A Conversational Interface is more likely to be shared between people – much as Alexa is designed to be a presence in the home (perhaps even a digital family member), and so it needs to understand the different users and adapt to them. It should know its user’s preferences, age and the level of response to give them —and if they are a kid, then they should get a child-friendly response.
Much in the same way that people adapt their language based on who they are speaking to and their relationship with the person, a Conversational Agent should also adapt its tone and language based on its audience. This can also spill back over into context — if a user is clearly in a rush, then the service needs to adapt its tone to be more quick and direct. A Conversational Agent needs to know its audience.
⚡ Alexa: "Sorry, can you say again?" User: "Don't worry…"

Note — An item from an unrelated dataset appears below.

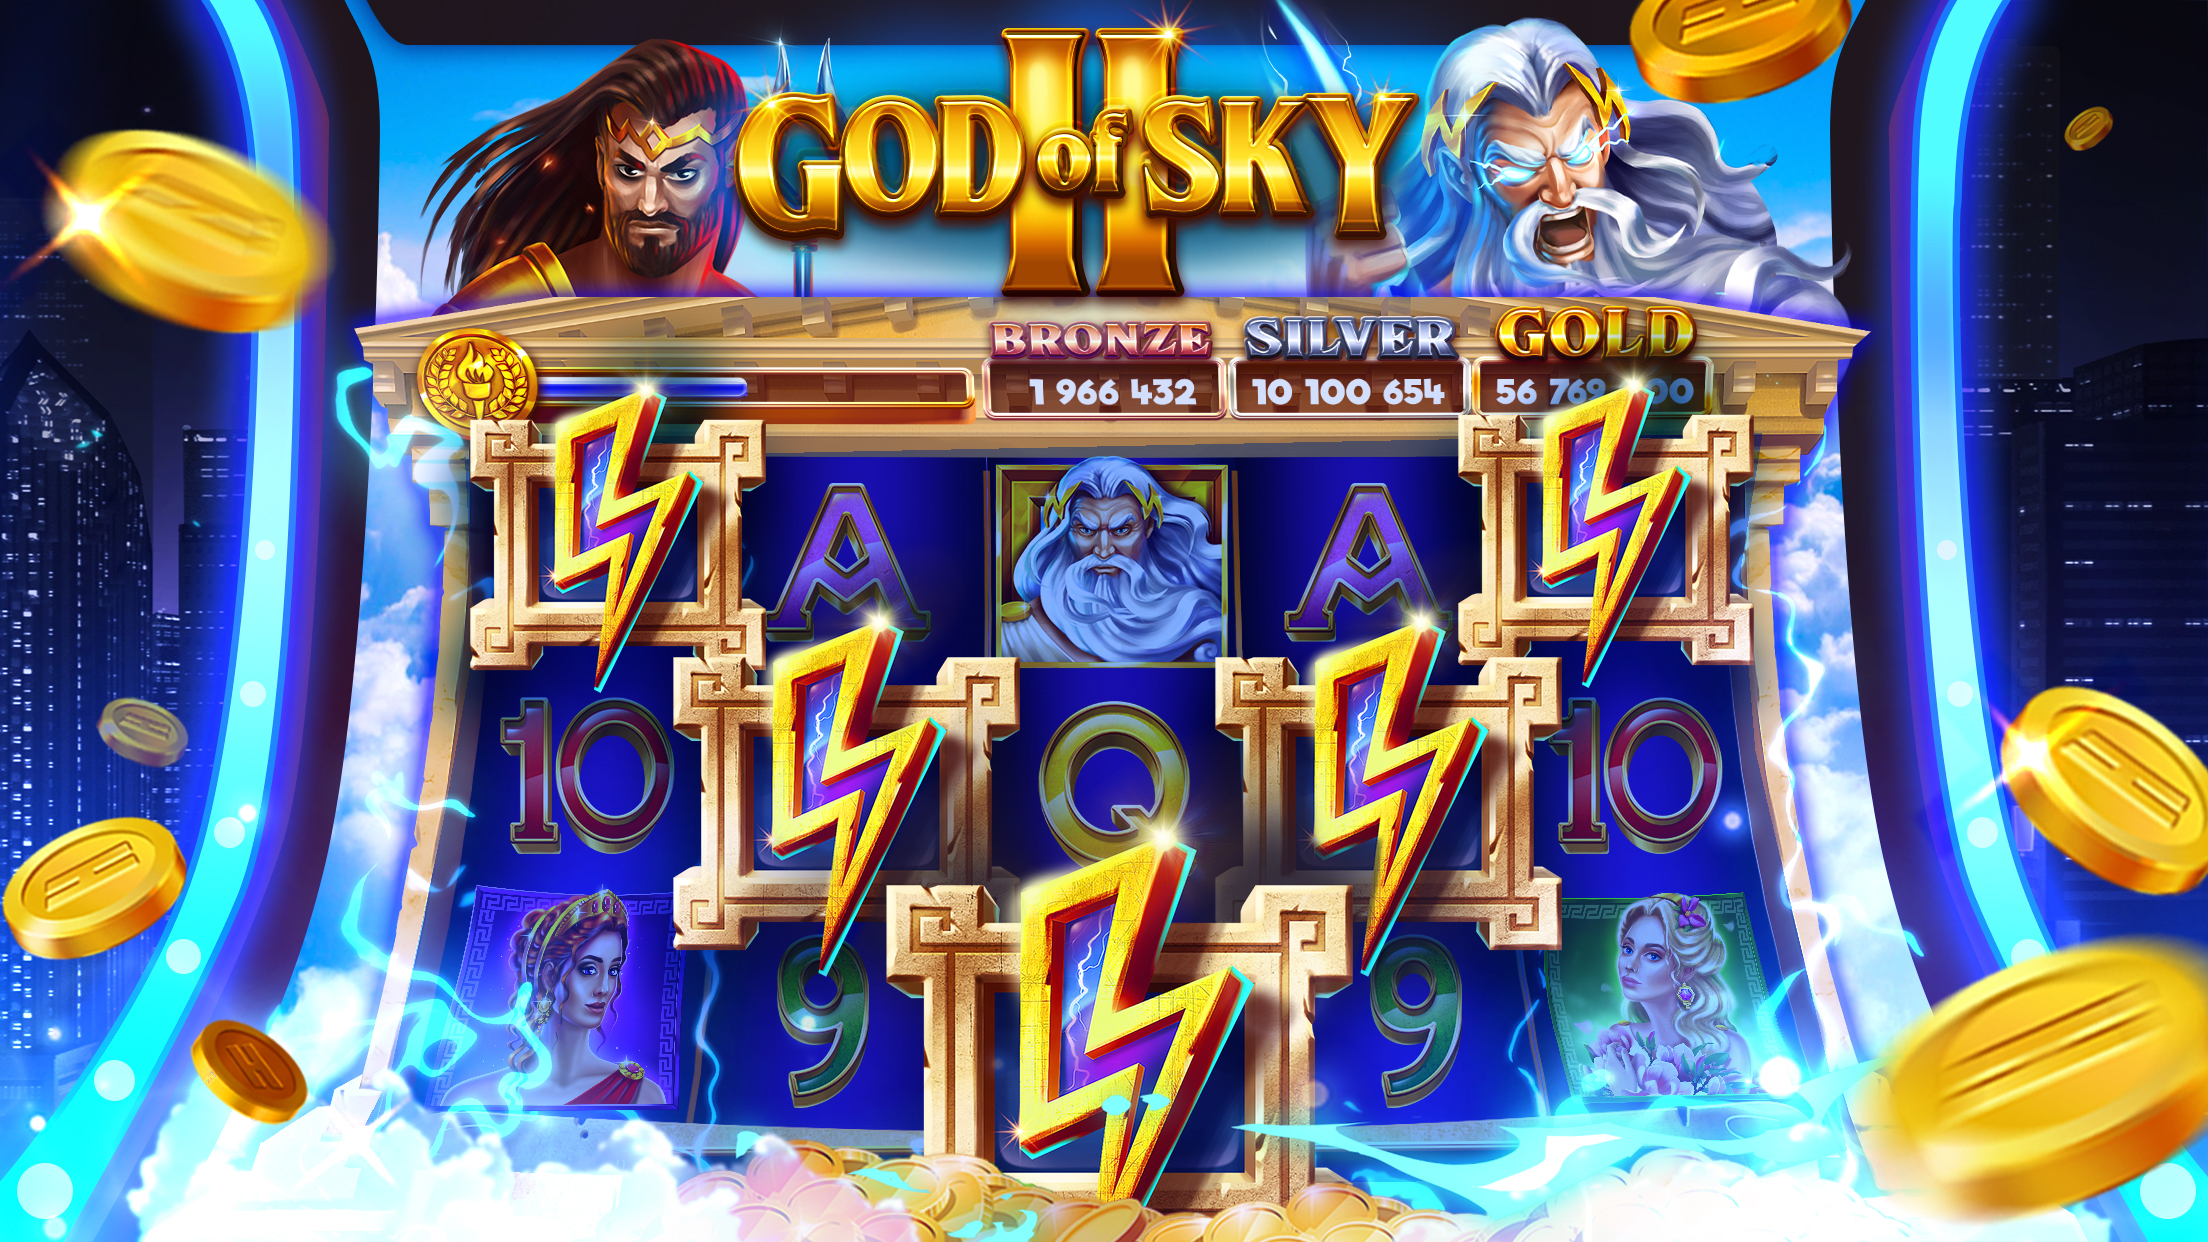 Huuuge Casino Slots Free Casino Slots Games Apk 6 4 3006 Download For Android Download Huuuge Casino Slots Free Casino Slots Games Apk Latest Version Apkfab Com

We use conversation everyday. As a result, people have certain expectations from conversation which differ from other kinds of interaction. At the centre of it, there is an expectation of understanding — and a frustration that rises from needing to repeat yourself or being repeatedly misunderstood.
What makes a Conversational Interface exciting and novel is that it can be entirely handsfree and invisible. However, this means it HAS to work smoothly, as there are no soothing buttons to pummel, or options for the user to try.
Call and response… speak and wait.
Unlike the immediacy and feedback we have come to expect from graphic user interfaces (with haptic feedback (e.g. vibration), roll-over states and loading icons to soothe our impatience), Conversational Interfaces need time to hear the entirety of the input and know that it has concluded before it can respond — and then the user has to listen to the entire response to know if the interface actually did the right thing.
To emphasise, the inputs for a touchscreen are immediate: where the user touched and how:
…but a voice interface’s main input is a soundwave changing over time, as shown below:
This extra time has to be factored into designing new kinds of interactions specifically for conversation — it is not enough to simply adapt existing interaction models to this new kind of platform.